Свитка слегка показывает свою настоящую шкуру и когти

  
   - Ну вот вы теперь, кажись, и в самом деле, совсем успокоились!.. Я так рад, право! - приветливо и даже весело заговорил Свитка. - Простите меня, Бога ради, что я вас так неделикатно бросил сегодня на произвол судьбы!.. Я никак не рассчитывал!.. Предполагал вернуться домой еще утром, часам к одиннадцати, но... вышел такой непредвиденный казус... дела, обстоятельства разные задержали... И знаете ли, очень и очень таки важные дела!.. Ей-Богу!.. Уж я было порывался к вам - и совесть-то мучит, и беспокоюсь, но... вот только что теперь успел отделаться и покончить!.. Бога ради, вы уж извините меня!..
   - Да полноте! - перебил его Хвалынцев протягивая руку, - я нимало не думаю претендовать на вас! Нужное дело прежде всего!.. Об этом что ж, и говорить нечего!
   - Так вы не сердитесь?! - весело схватил его руку Василий Свитка.
   - Да нет же, говорю вам! Воистинно нет!
   - Ну, вот, благодарю вас, голубчик!..
   - Ах, знаете, я так рад, так доволен нынешним днем! - с каким-то трудно-сдержанным внутренним увлечением говорил через минуту Свитка, быстро и легко расхаживая по комнате и весело, светло улыбаясь. - Так доволен, что просто и сказать не умею!.. Дела идут отлично! Планы удаются превосходно!.. в некотором роде "и солнце, и любовь", и все, что угодно! - так ведь это, кажется, в каком-то романсе поется?.. Но это все пустяки, так себе, бирюльки, привески, а всего главнее то, что дело - дело-с, батюшка мой, удается!
   - Знаете ли что? - быстрым поворотом остановился он вдруг пред Хвалынцевым. - Я сегодня в таком исключительном настроении, что ужасно как хочется выпить!.. Я уж пил сегодня порядочно; но все-таки хочется еще... "паки и паки!.." Выпьемте-ка бутылочку! Тем более, что завтра мы расстаемся, так уж на прощанье!.. а?..
   Хвалынцев после всей этой последней передряги чувствовал какую-то внутреннюю жажду, так что и сам не прочь был бы чего-нибудь выпить, и потому он не отказался от сделанного ему предложения.
   Свитка вприпрыжку вылетел в коридор и заказал бутылку шампанского, которое очень скоро явилось к его услугам, так как у "мадам Эстерки" имелся свой собственный погреб.
   Когда шелковый шляхтич-лакей, откупорив бутылку, налил вино и удалился, Свитка поднял свой стакан.
   - Ну, за успех нашего общего дела! - предложил он тост, изъявляя намерение чокнуться с приятелем.
   Но последний, к крайнему его удивлению, стакана не поднял и не чокнулся.
   - Константин Семенович!.. Что же это вы, батюшка? - вытаращил на него ментор свои глаза. - Или не слышали моего тоста?
   - Нет, слышал очень хорошо-с!
   - Так что ж не пьете-то?
   - Я, любезный друг мой, не имею обыкновения пить за то, чего не знаю и даже не понимаю вовсе, - сказал он тихо, размеренно и внятно.
   Свитка чуть даже стакана не выронил. Его словно бы так и отшатнуло назад.
   - То есть как же это?.. Объяснитесь, Бога ради! - пробормотал он.
   - Да, нам, действительно, надо объясниться; и хорошенько, окончательно переговорить между собой! - все тем же ровным и спокойно-решительным тоном согласился Хвалынцев.

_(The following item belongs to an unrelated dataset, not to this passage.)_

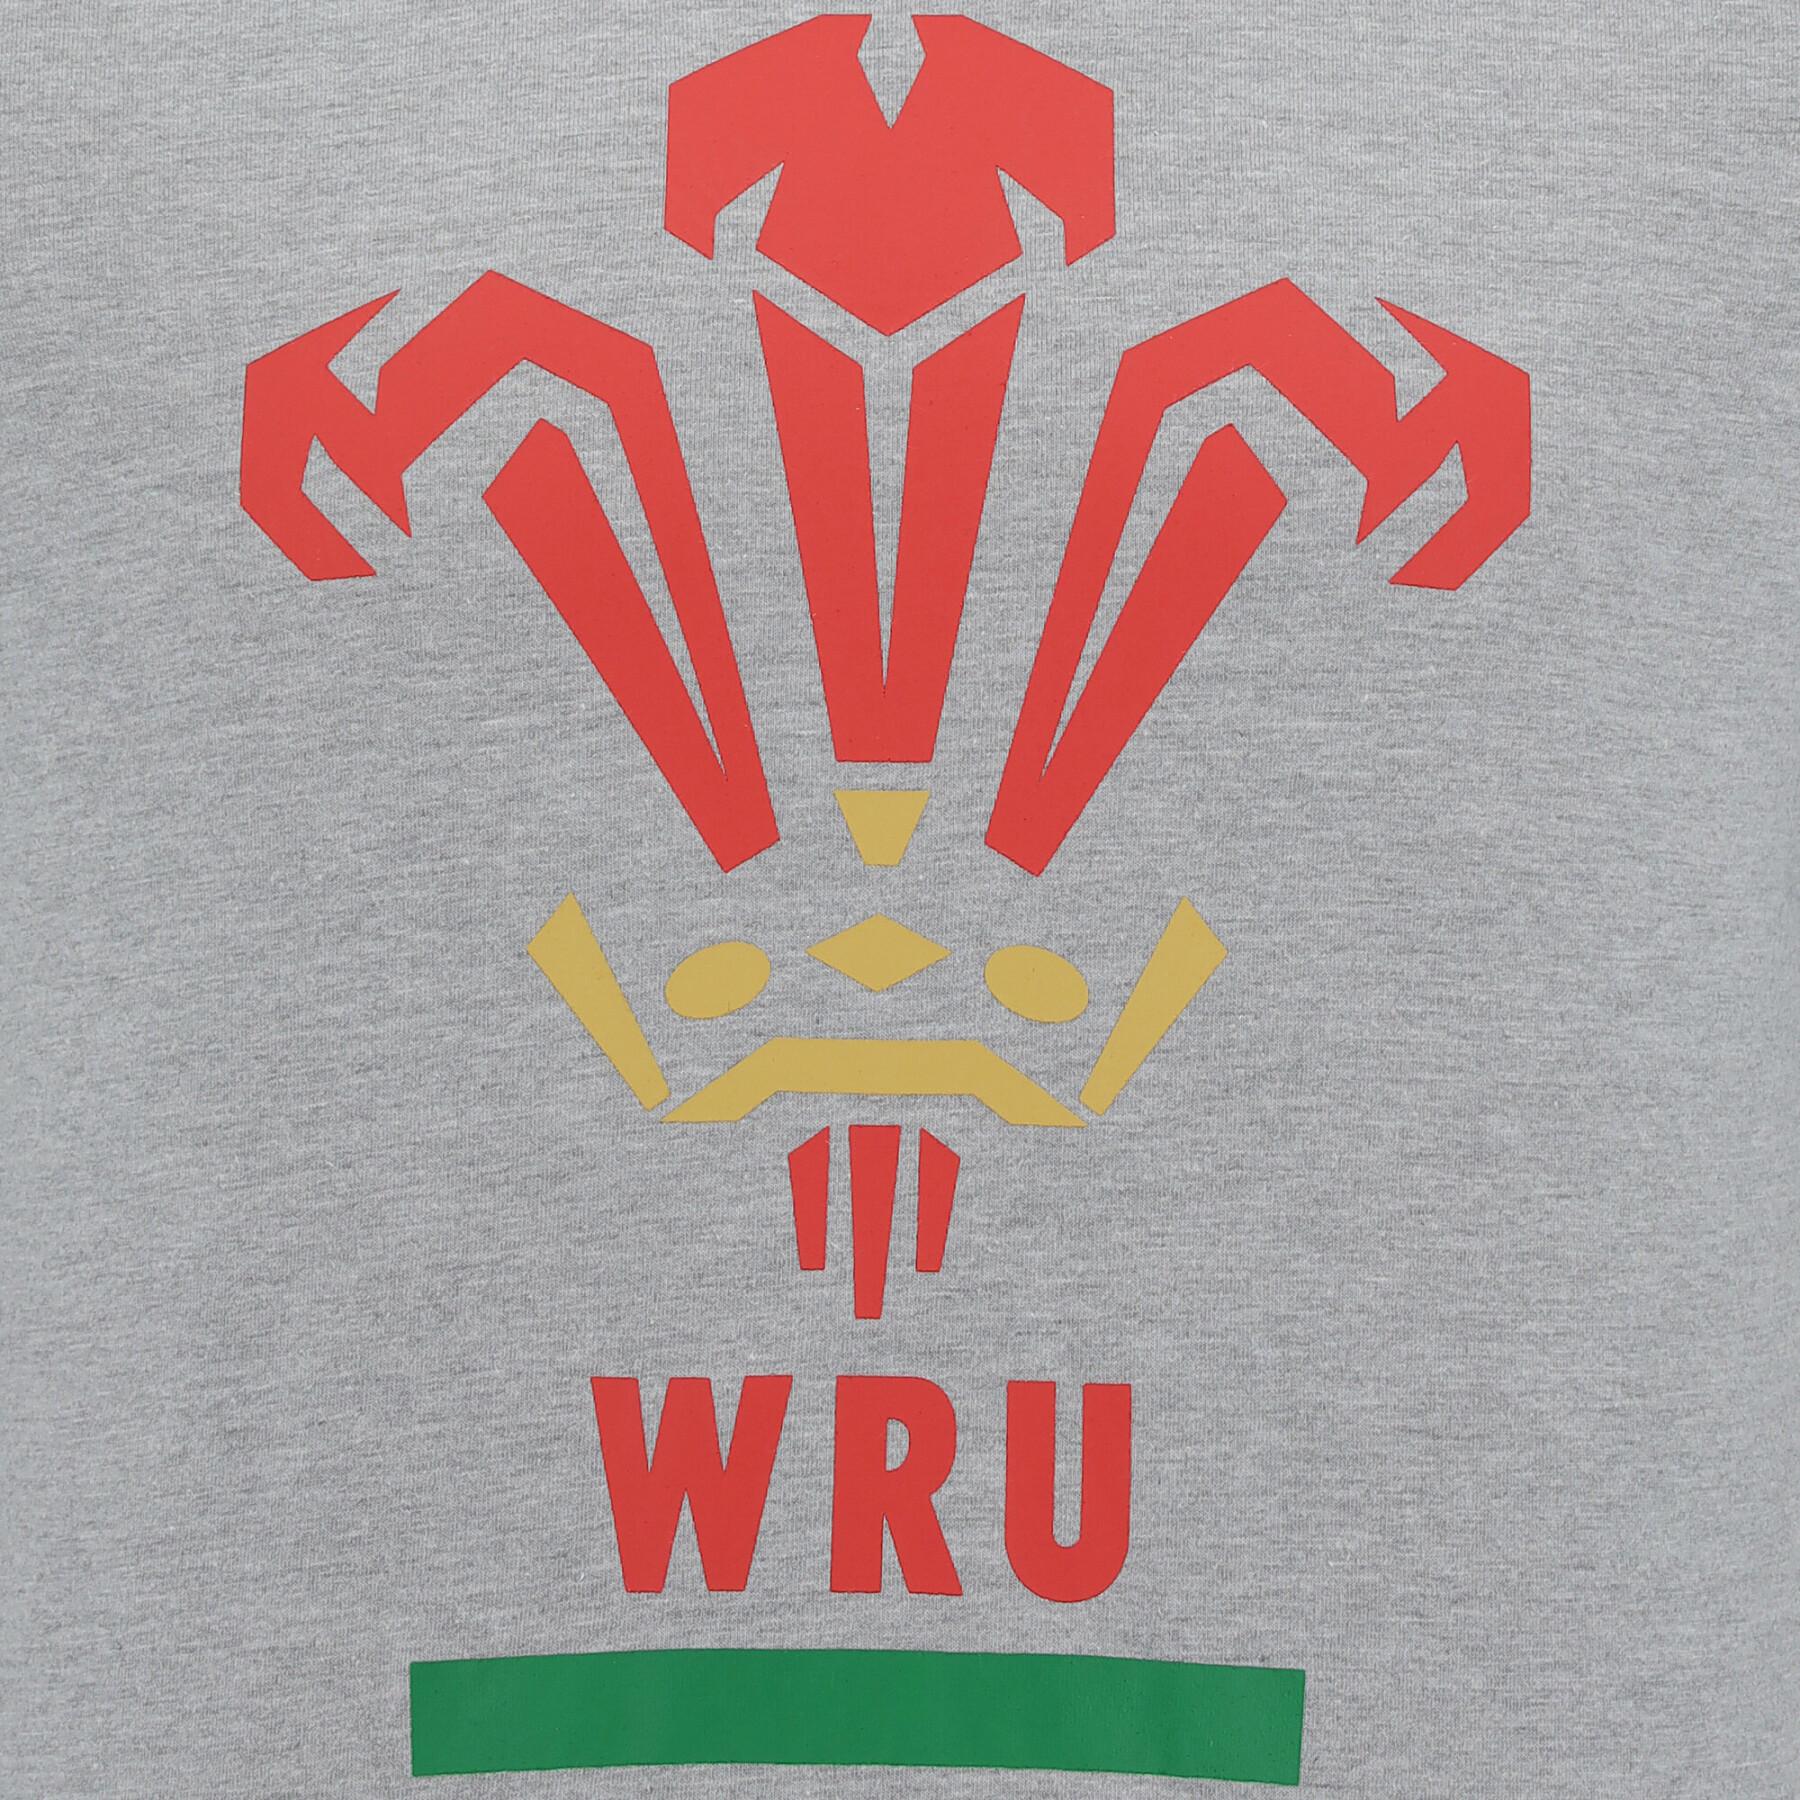 Cotton T-shirt Pays de Galles Rugby XV 2020/21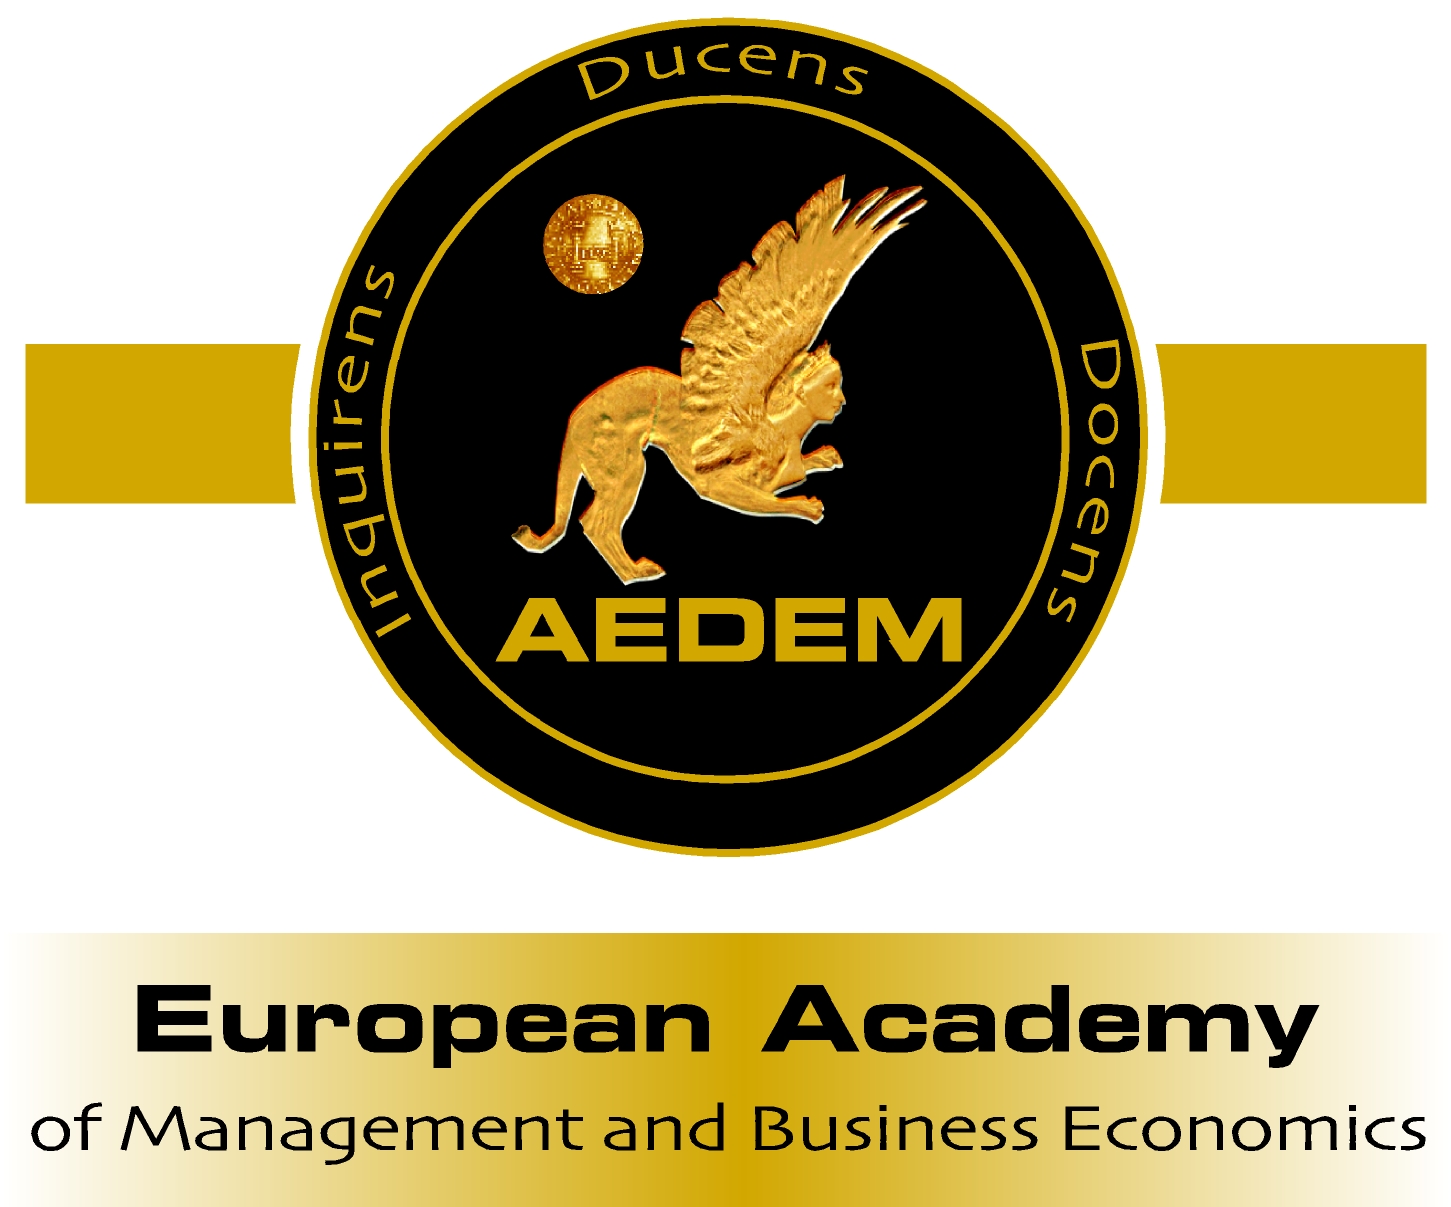 XXIV Congreso Internacional de AEDEM (2015)

   - Извольте, я готов... Я вас слушаю, - промолвил Свитка и, выпив залпом свой стакан, придвинул себе кресло и уселся поближе к столу и к Хвалынцеву.
   - Прежде всего я должен вам сказать, - собравшись с духом, начал Хвалынцев, - что я поступил крайне опрометчиво, крайне малодушно и даже... даже недобросовестно, давши вам слово на такое дело, которое для меня была тьма непроницаем мая. Но извините меня, Свитка: я буду вполне откровенен и, может быть, даже резок.
   - Я вас слушаю, - слегка склонив в знак согласия свою голову, промолвил ментор. - В чем же-с "но"?
   - Хм... "Но" мое в том, как я думаю, - продолжал Хвалынцев, - что и вы поступили недобросовестно, взявши с меня слово. И тем более, вы ведь очень хорошо знали, что слово-то я, совсем как дурак какой, даю вам, а о деле сам-то понятия ни малейшего не имею!
   - Вы ошибаетесь: вы знаете столько, сколько вам нужно знать... Вы знаете даже несколько более! - внушительно и веско заметил Свитка.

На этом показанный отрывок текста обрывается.